Monday, October 5, 2009

Back in Montréal

After 20 years, I am back in Montréal...and it feels good.

Despite the awful idea that my colleagues are currently grooving to some pretty mediocre 1980s disco; despite not enough time to explore, to absorb all that this wonderful city has to offer...it still fits. It still feels good.

The daughter of a colleague was beaten within an inch of her life just blocks away from where I am staying only a couple years ago. Yet, on the corner of Sherbrooke and Aylmer, the vibe still feels safe to me, a gawky skinny kid in an old guy's body who cannot help trusting everyone unless proven wrong. And the knowledge that I might be wrong and it could cost me dearly only adds to the spice as I saunter along with a short Cuban cigar (a dangerous past-time in itself) clenched between my teeth late in the evening.

The linguistic tensions that felt so urgent two decades ago are largely gone. Perhaps it's part of a post-modern "reality" that makes our Trudeau-era politicians seem so out of touch with my children's lives and experience. Or, more likely (to my mind), it was a mid-twentieth century construct to keep the votes coming. Today, the languages I hear on the street--equal amounts of Creole, Chinese,  Korean, Japanese, French and English (to name the few I recognize) are just remnants of who each of us was; not who we can or will be. And this city oozes with possibilities; just screams the potential of the future.

I met an eighty-something year old in the elevator tonight. He was holding pamphlets published by school boards from across Canada in his hands. He asked "are you attending this conference?"

"The one with education communicators from across the country?" I asked.

"Yes," he replied. "I'm a literacy volunteer from the US, in a neighbourhood with close to 70 percent adult illiteracy...this stuff is wonderful." It was an accidental encounter that perhaps will make a bigger difference to some unknown person's life than a whole career of intentional acts.

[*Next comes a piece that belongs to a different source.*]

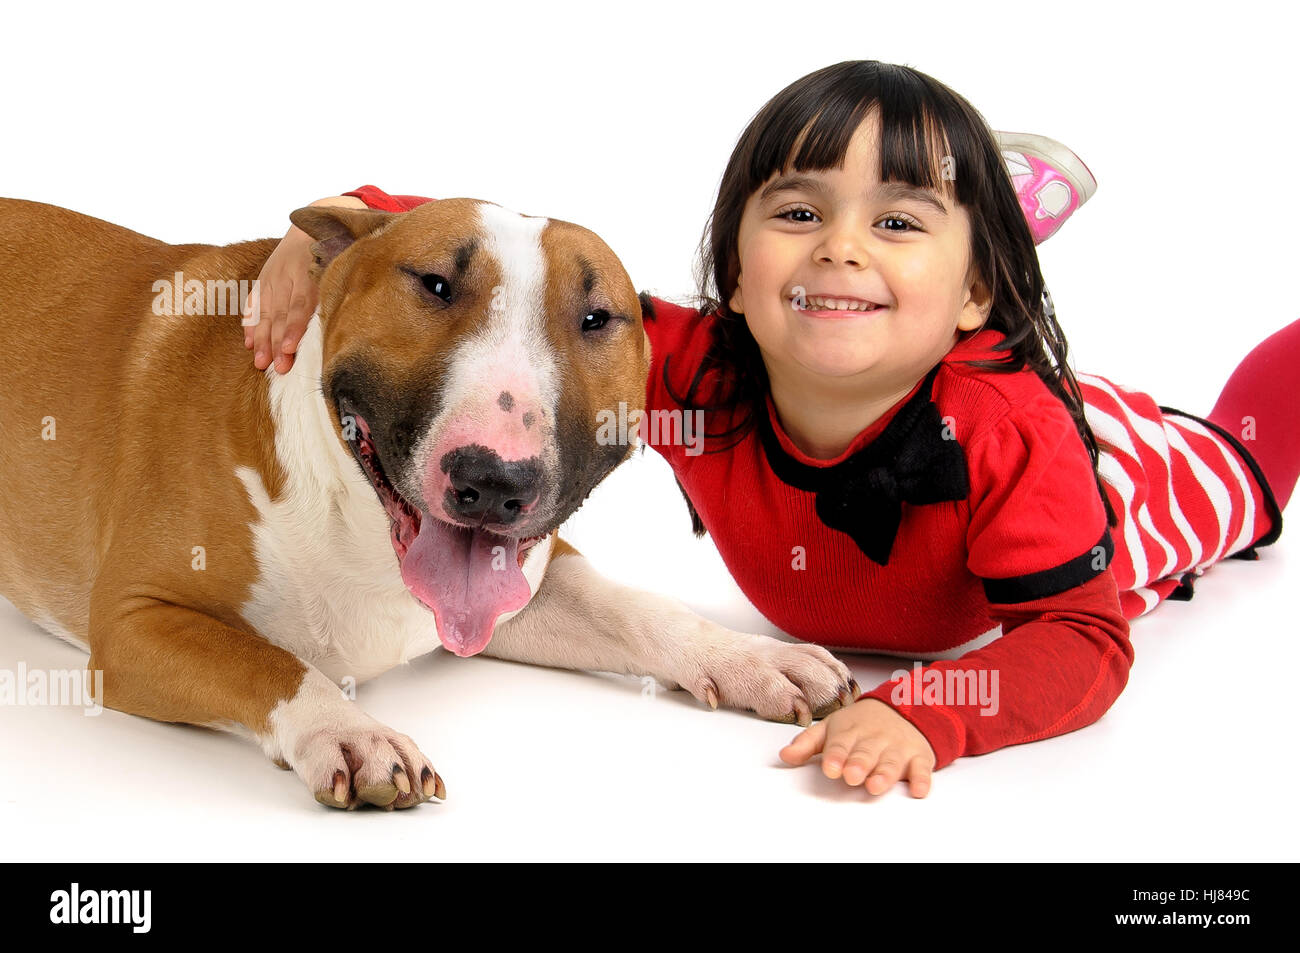 Amicizia, cane, canine, bambino, ragazza, ragazze, bambini, bambini, amici, Foto Stock

If you believe in accidents rather than the old-fashioned idea of destiny, it was a life-affirming encounter.

Personally, I think too much evil has been done in the name of destiny. I believe our children have it right when they live each day as if there was just now, as if each minute was only a gift that should not be wasted.

And Montréal, despite the recent brutal economic conditions, despite whatever harsh realities, still emits a joie de vivre that is there for anyone who has the time to stop, take it in and breathe deeply. Old guy, breathe as deeply as you as you can.